- _Source data_:
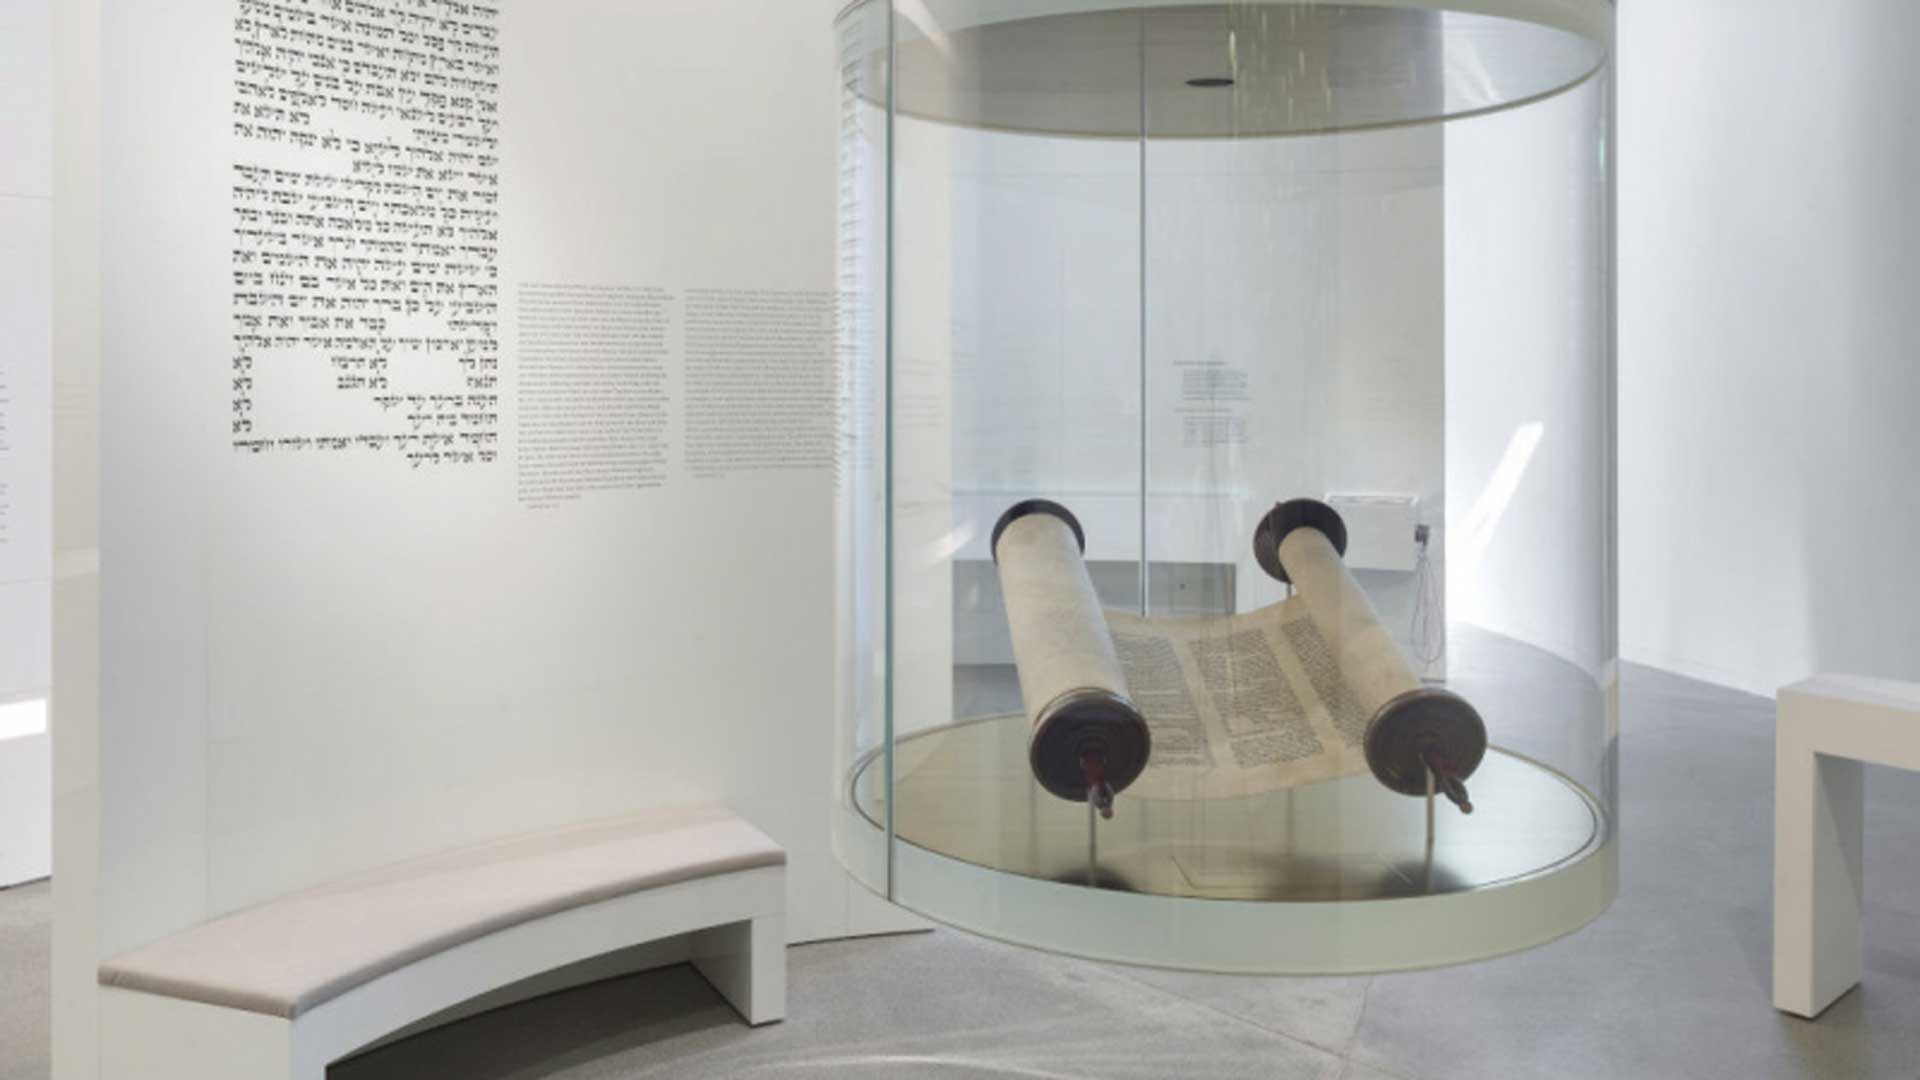 Eine Tora-Rolle ist in einer Museumsvitrine ausgestellt, auf der weißen Wand im Hintergrund steht ein hebräischer Text.
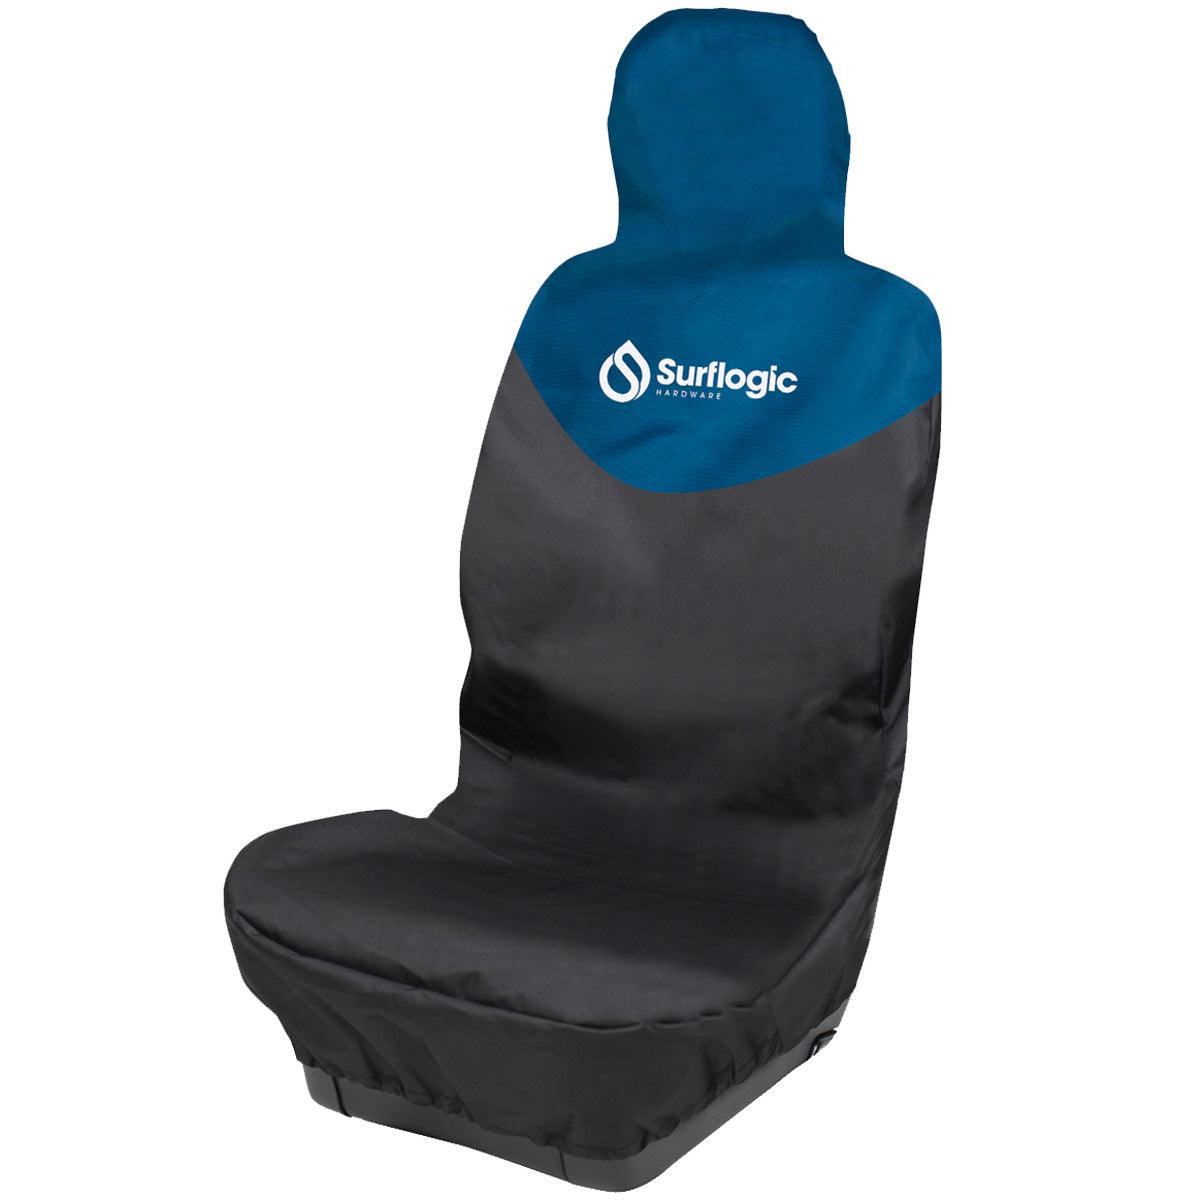 Surflogic Car Seat Cover - Kiteshop.com
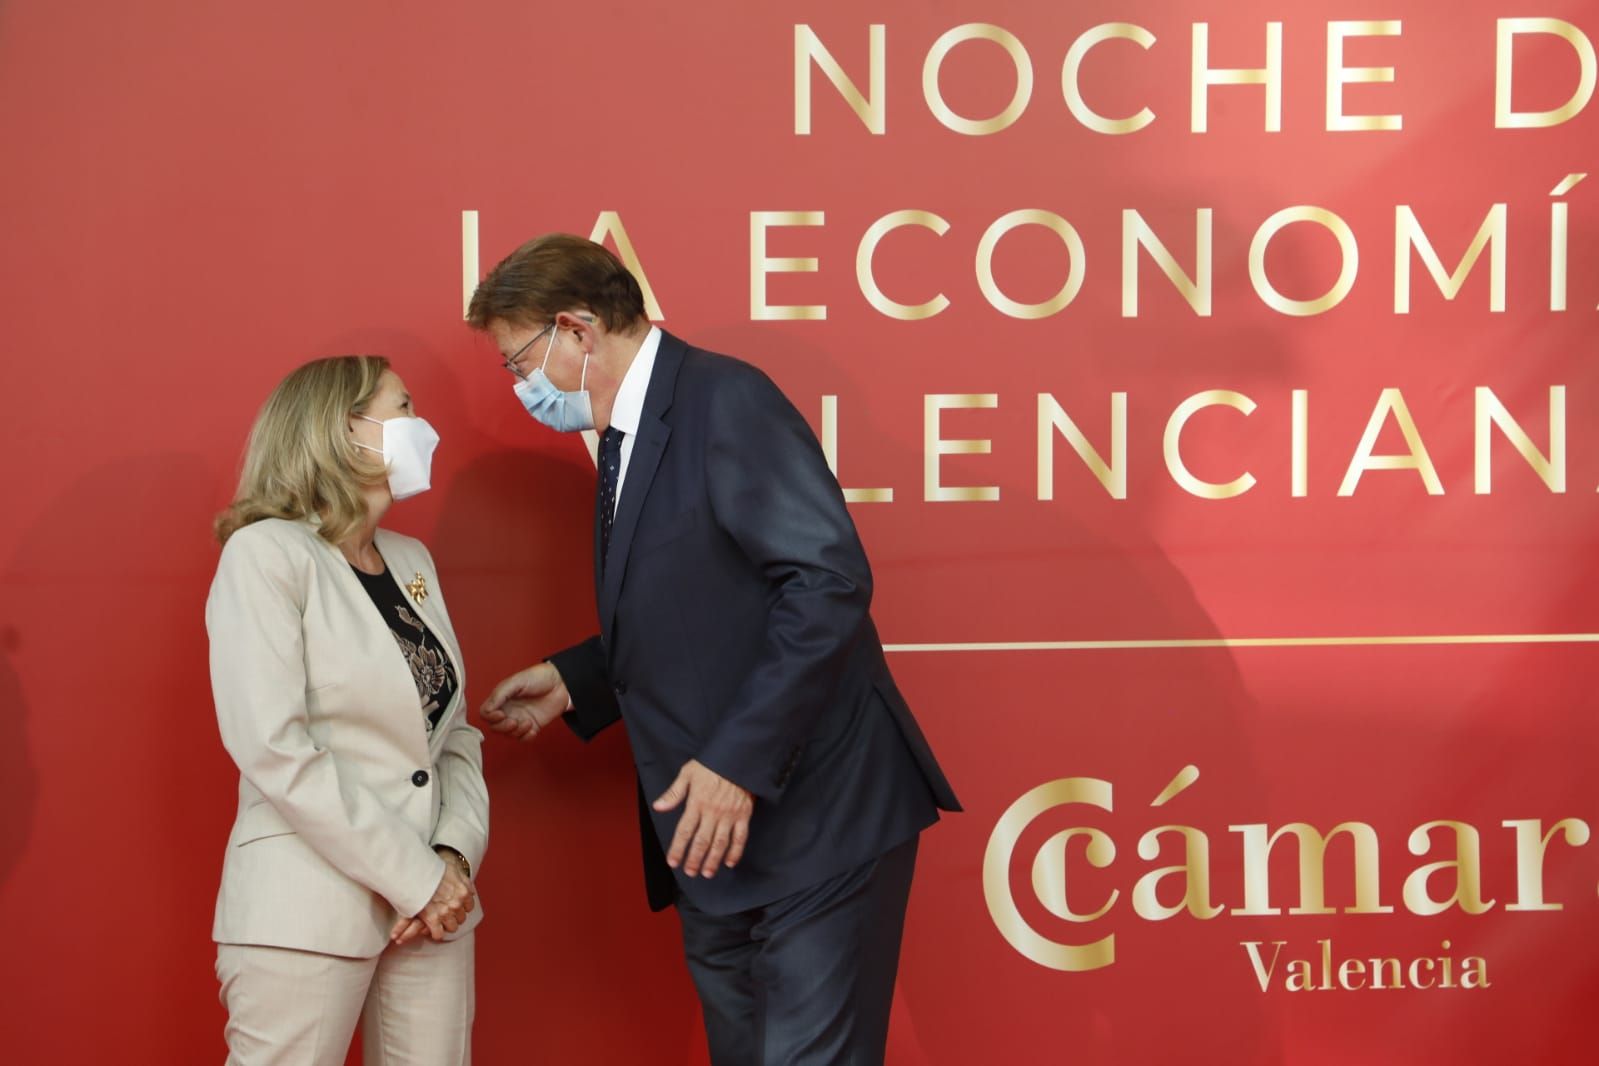 La noche de la economía valenciana, en imágenes

- _Problem to solve_: Could you return the listing above exactly, minus its pictures?

- _Answer box_:
 Eine Tora-Rolle ist in einer Museumsvitrine ausgestellt, auf der weißen Wand im Hintergrund steht ein hebräischer Text.
 Surflogic Car Seat Cover - Kiteshop.com
 La noche de la economía valenciana, en imágenes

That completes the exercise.